> [MATERIALS PROVIDED]
***
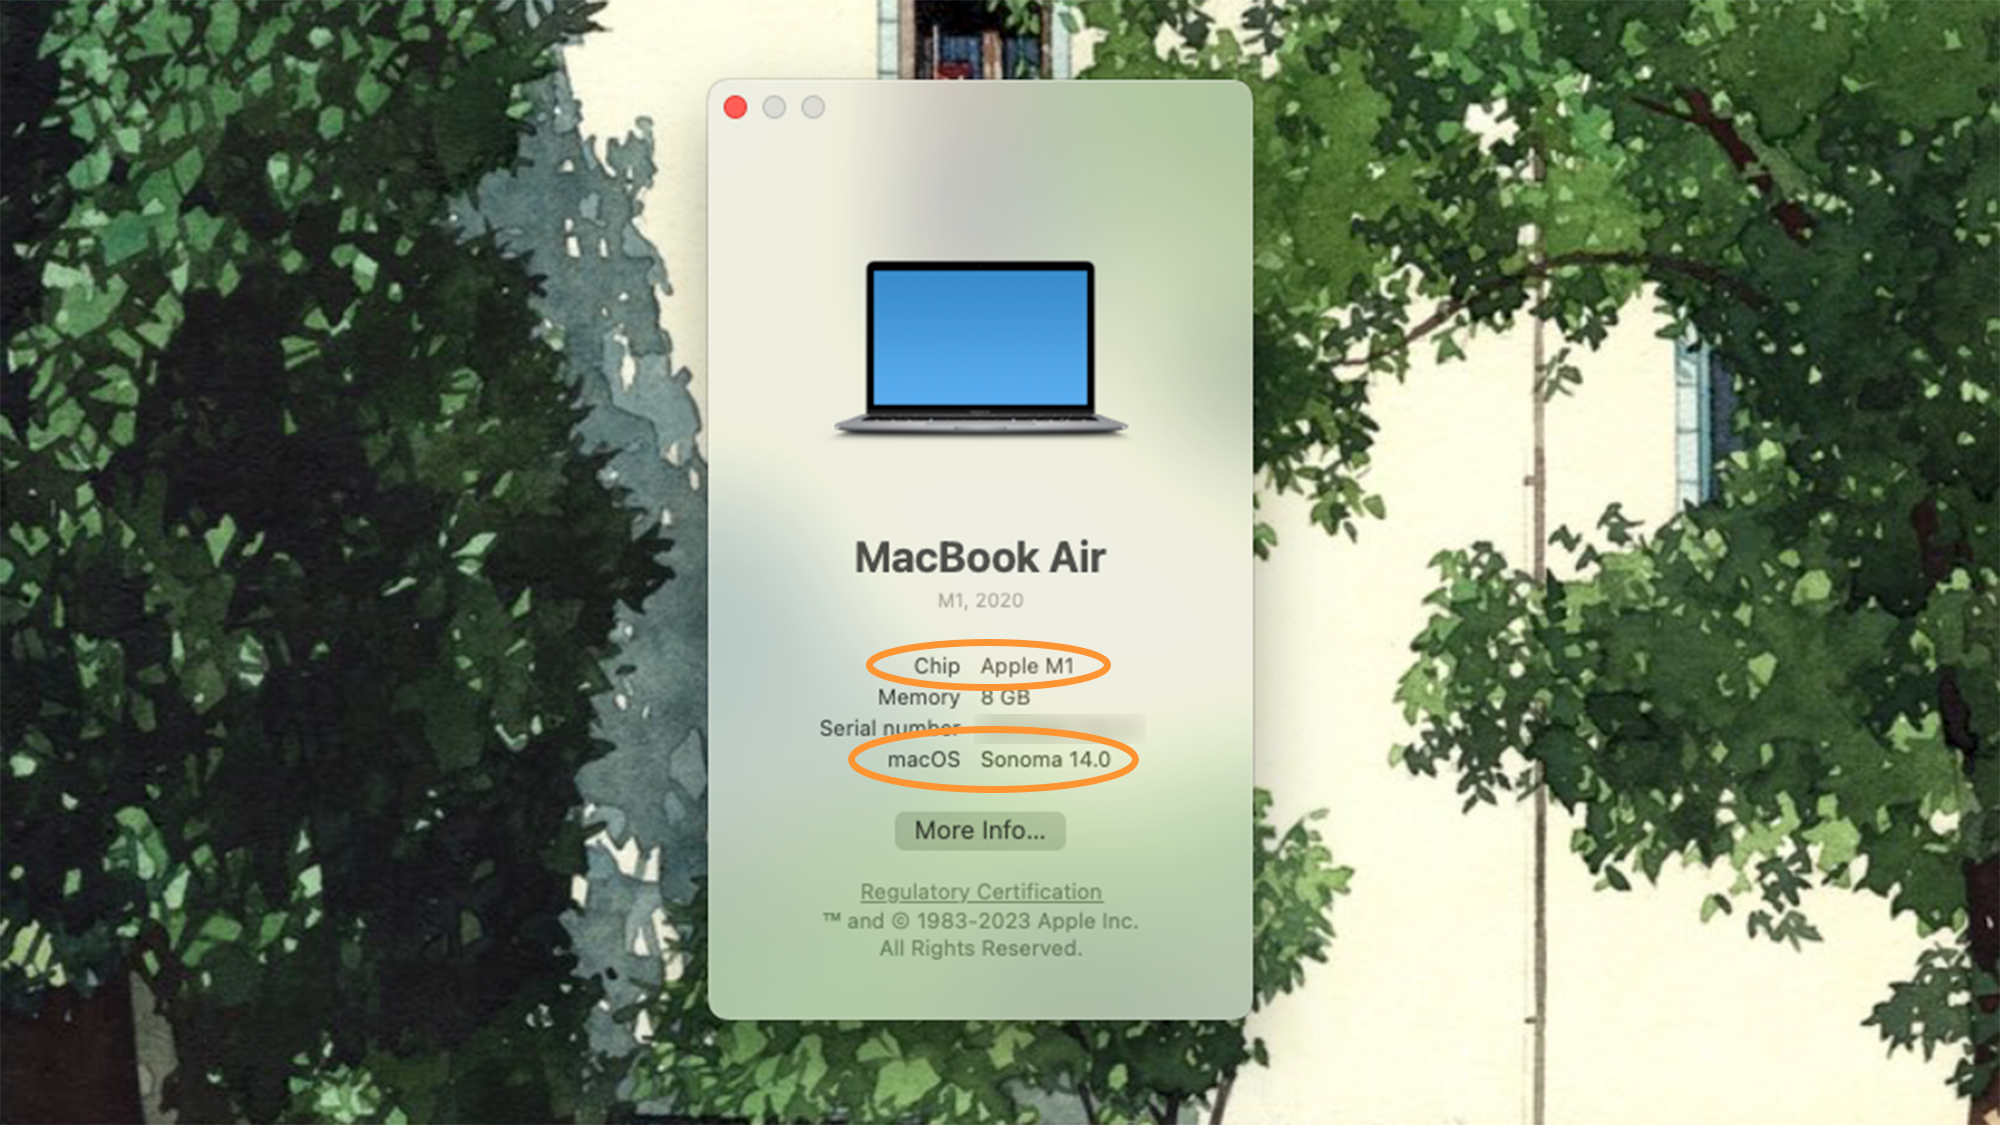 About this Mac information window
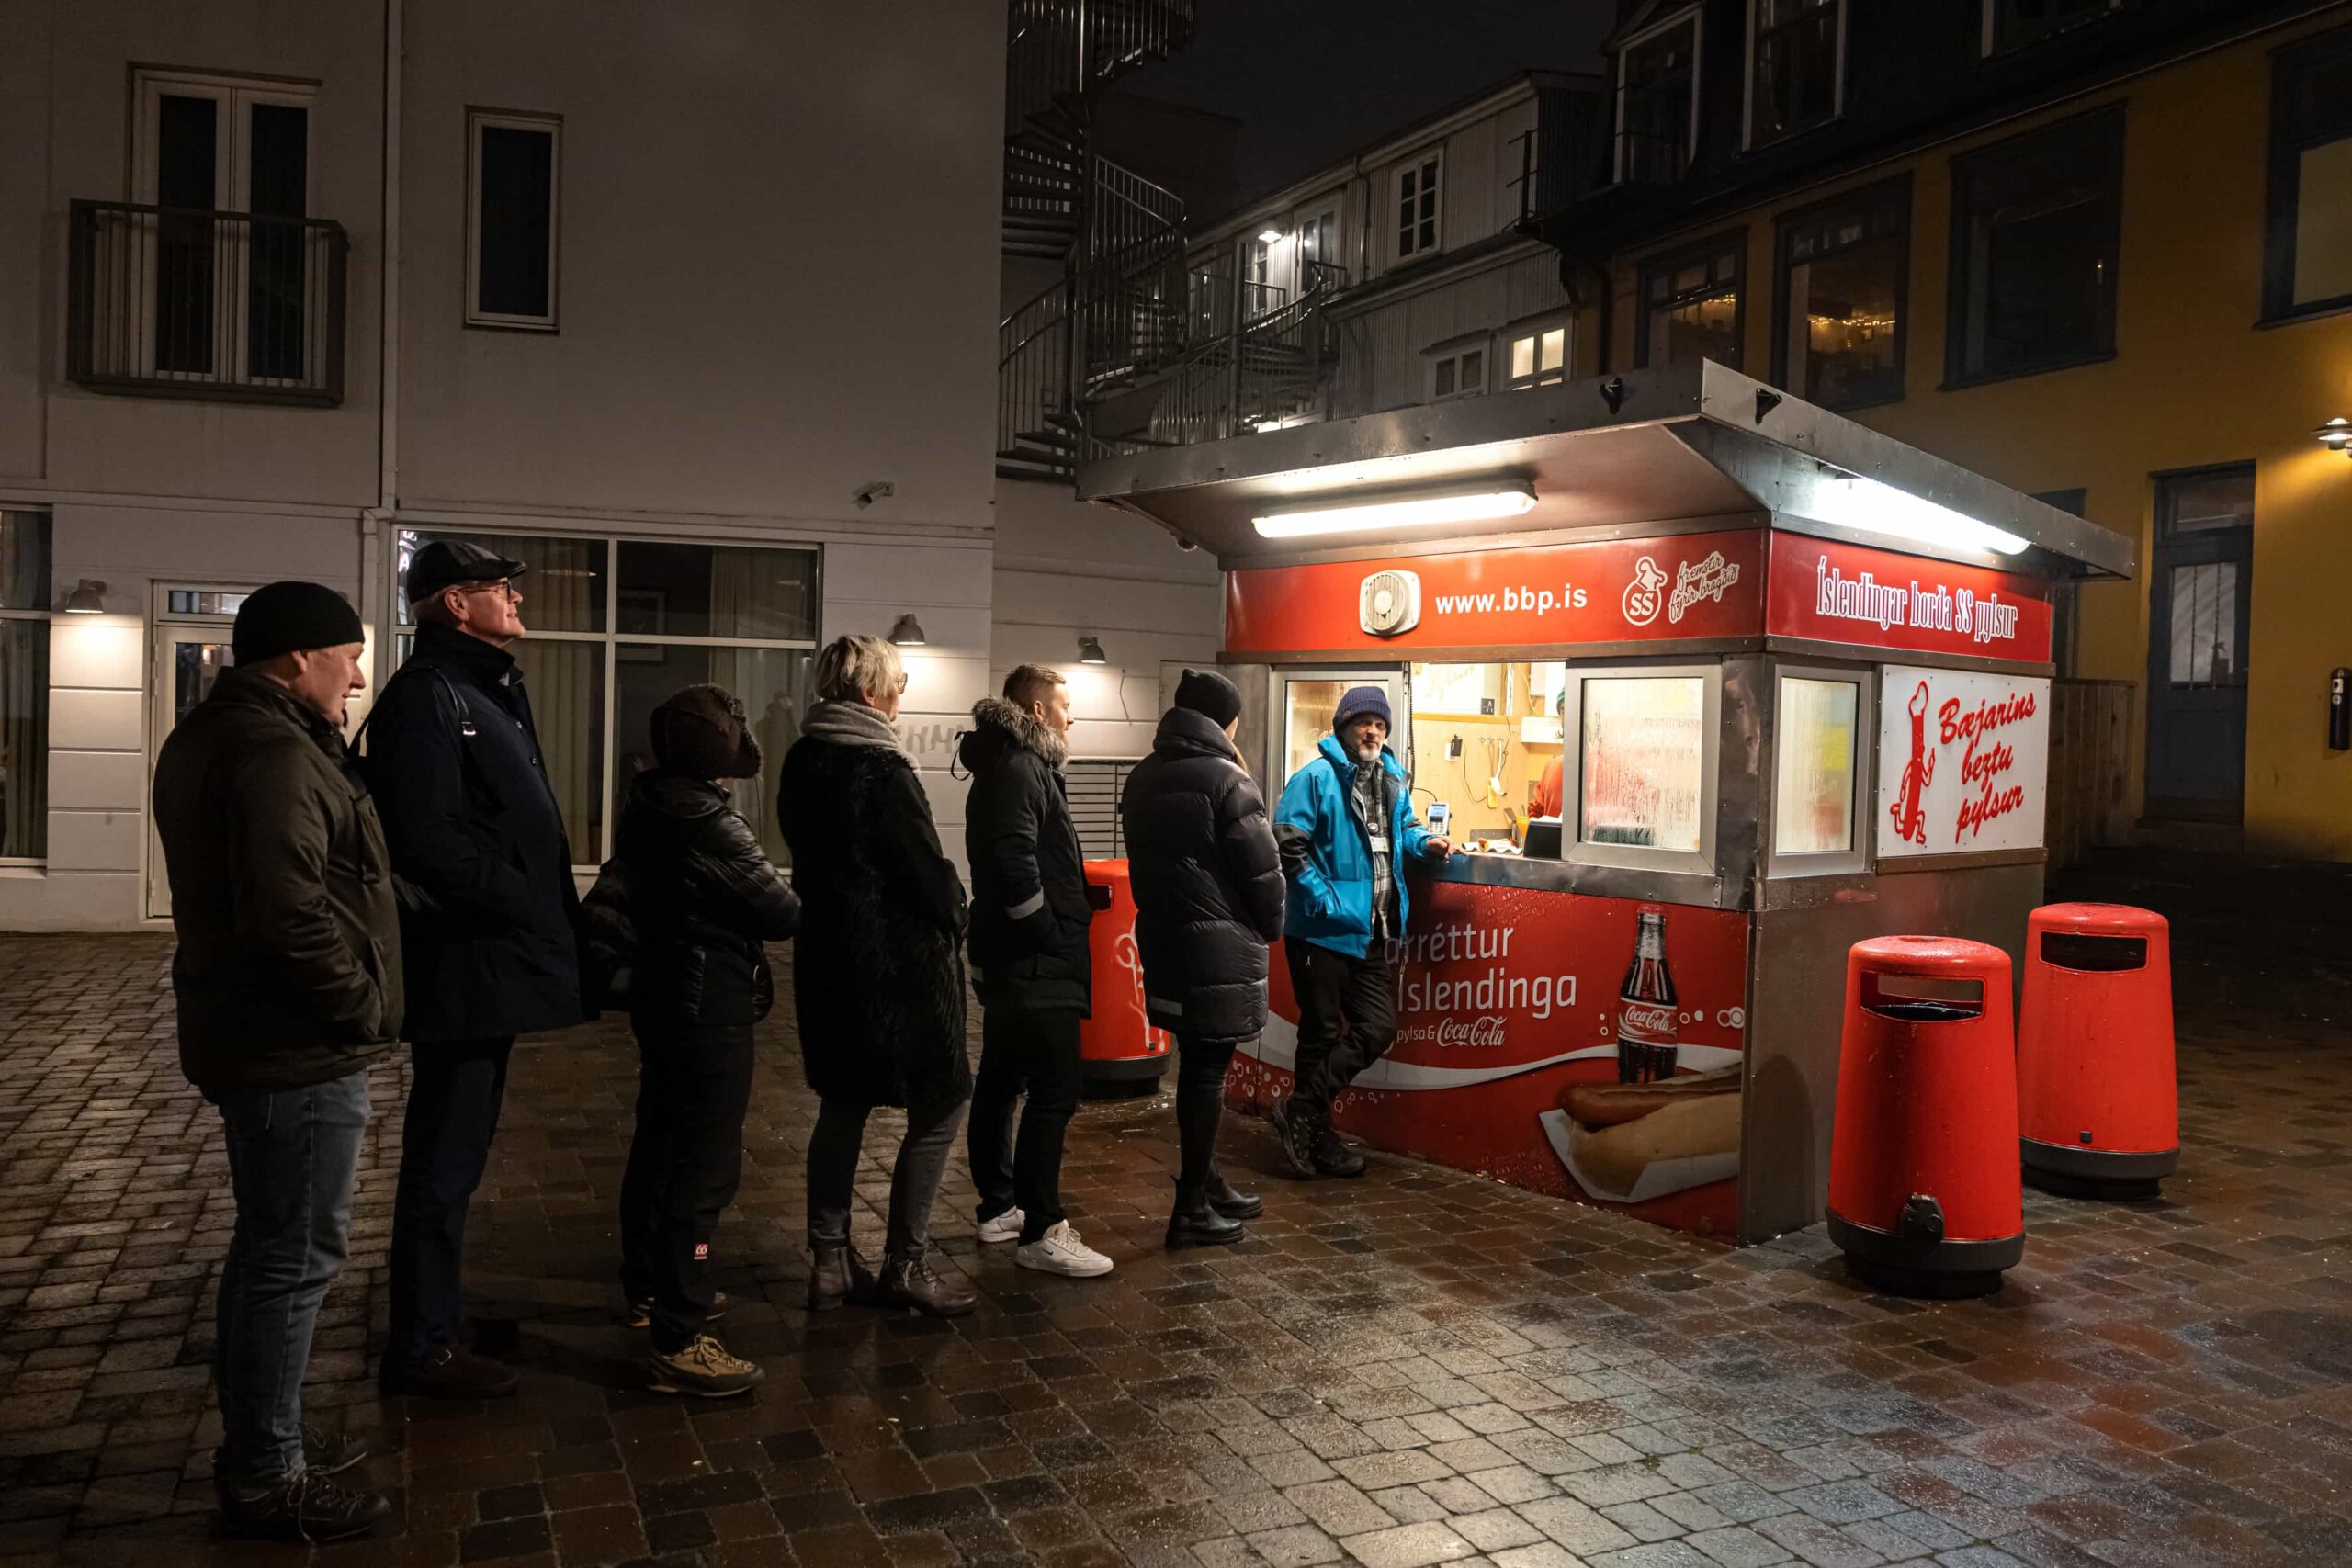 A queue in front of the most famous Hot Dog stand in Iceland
***
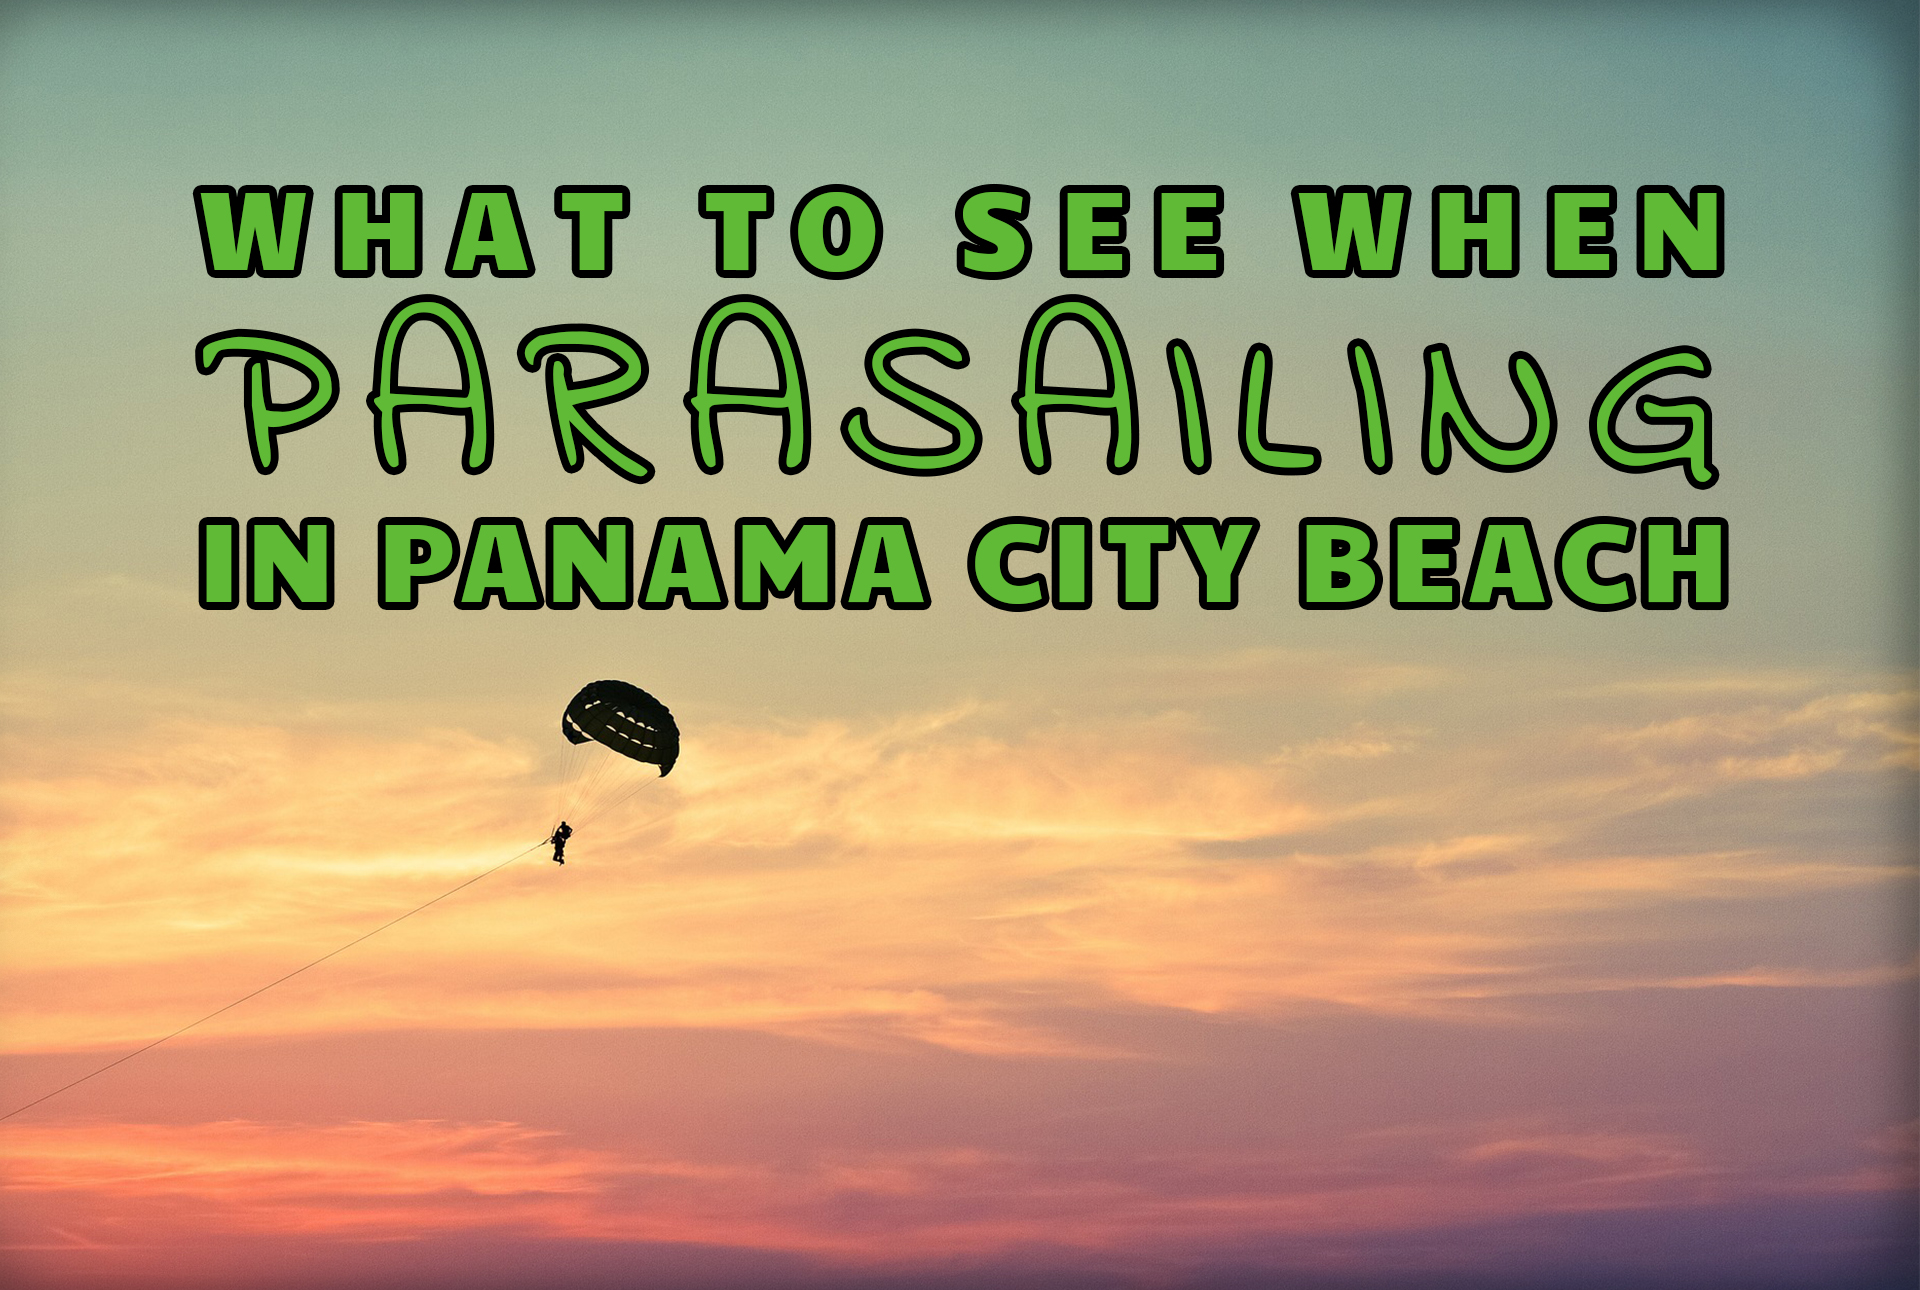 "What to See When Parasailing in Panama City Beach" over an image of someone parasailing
***
> [TASK ITEM]
Pictures aside, return exactly the lines from the data above, starting at the line that has "About this Mac information window" and ending at the line that has "A queue in front", both included.

> [EXERCISE RESULT]
 About this Mac information window
 A queue in front of the most famous Hot Dog stand in Iceland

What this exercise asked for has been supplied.